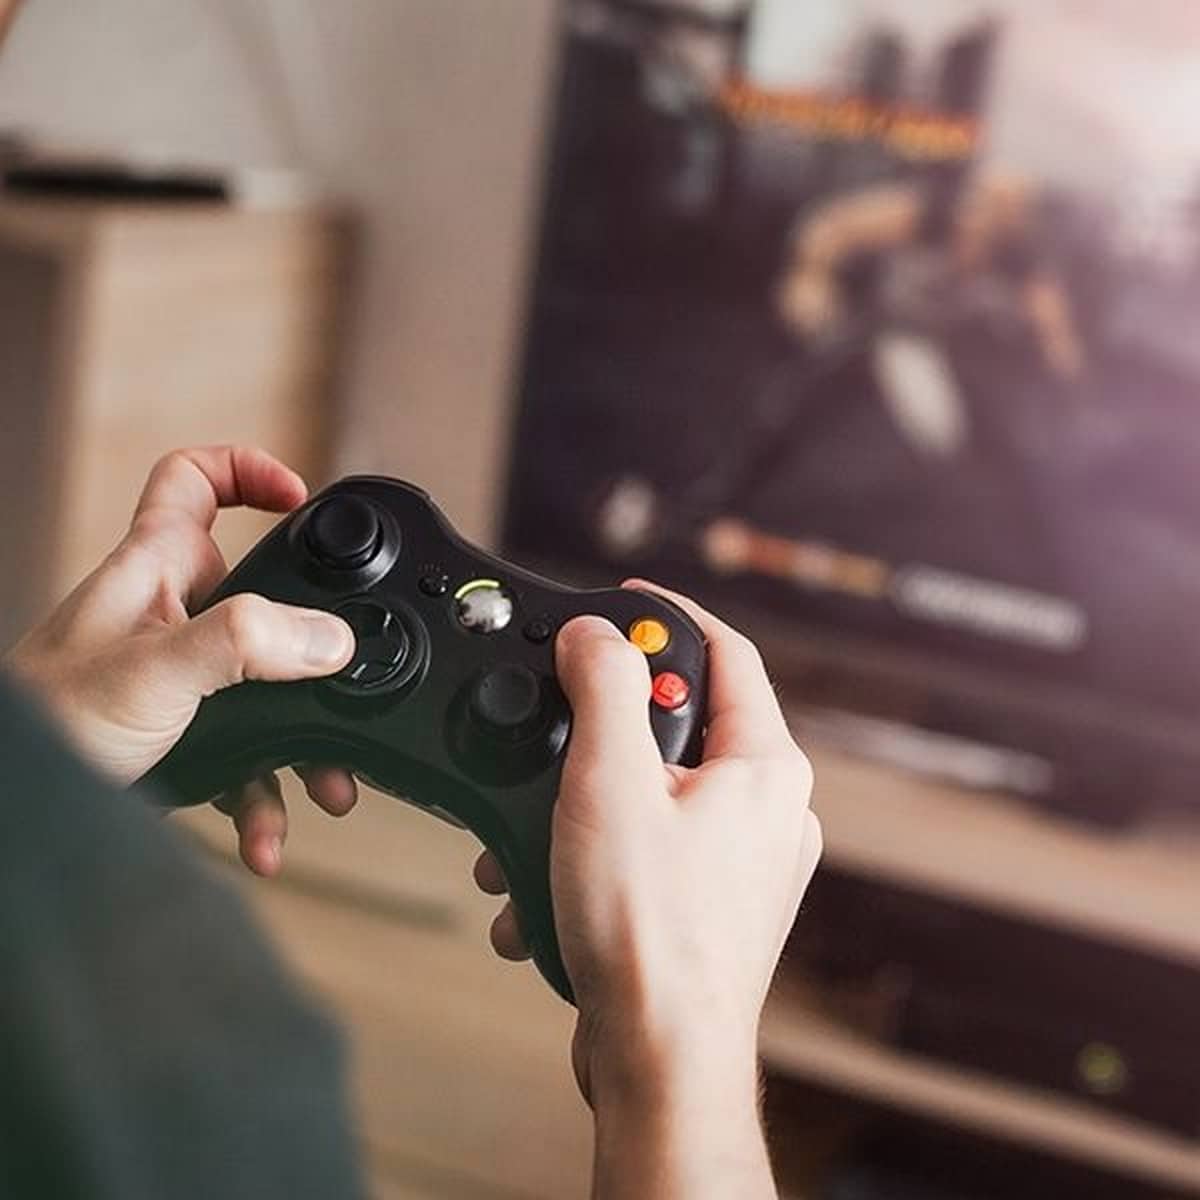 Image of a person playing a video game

...

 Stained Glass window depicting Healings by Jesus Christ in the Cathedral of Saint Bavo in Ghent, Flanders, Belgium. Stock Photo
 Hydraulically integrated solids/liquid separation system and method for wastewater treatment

* * *

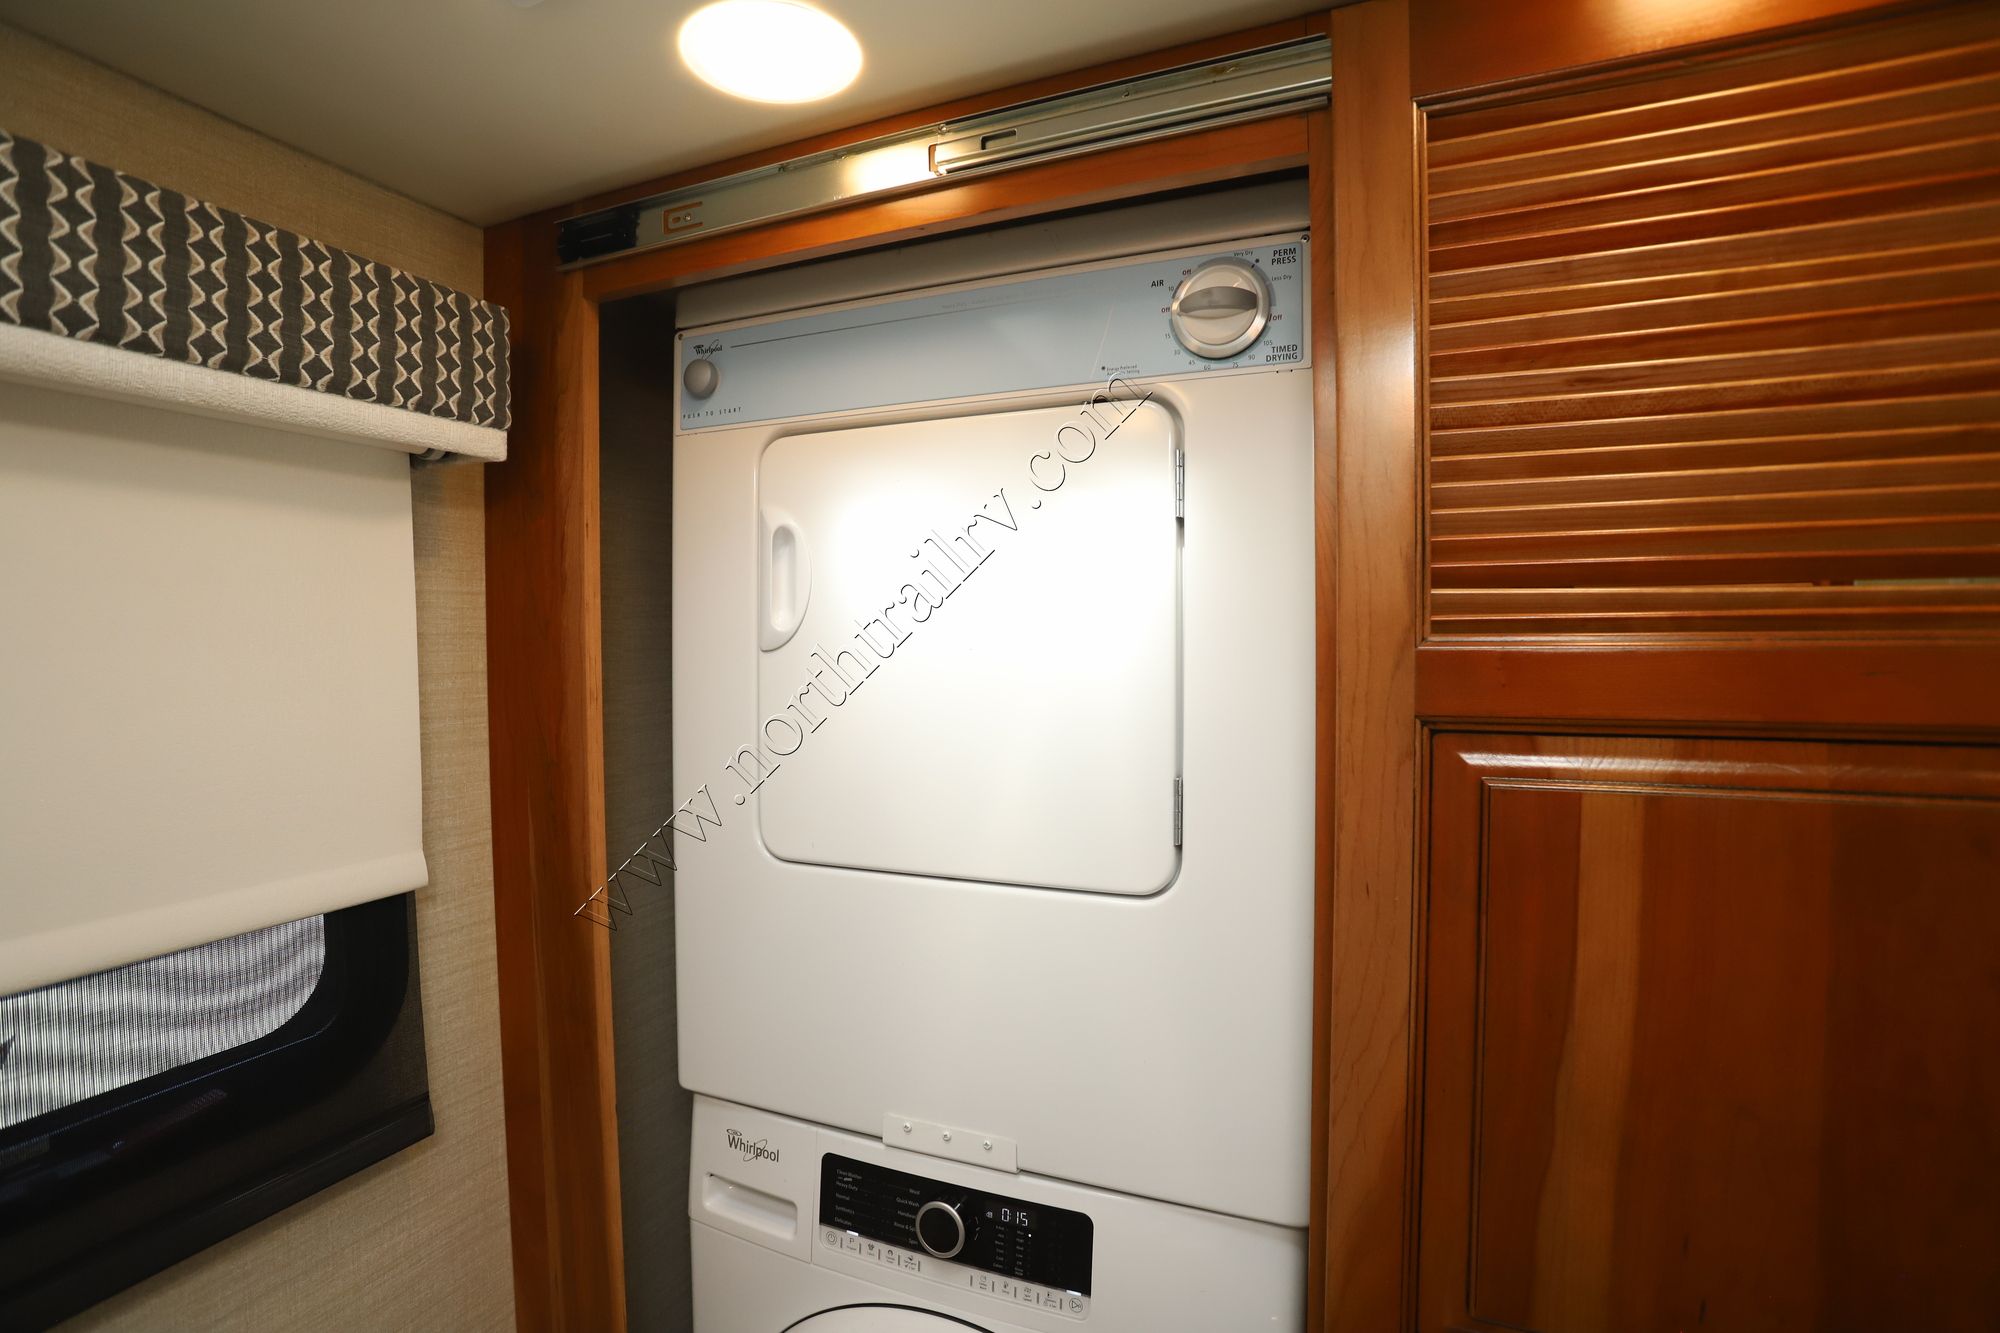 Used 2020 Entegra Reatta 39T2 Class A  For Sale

**Task goal**
Of the lines above, extract only those from the line with "Stained Glass window" to the line with "Hydraulically integrated solids/liquid", both included, exactly as written.

**Written solution**
 Stained Glass window depicting Healings by Jesus Christ in the Cathedral of Saint Bavo in Ghent, Flanders, Belgium. Stock Photo
 Hydraulically integrated solids/liquid separation system and method for wastewater treatment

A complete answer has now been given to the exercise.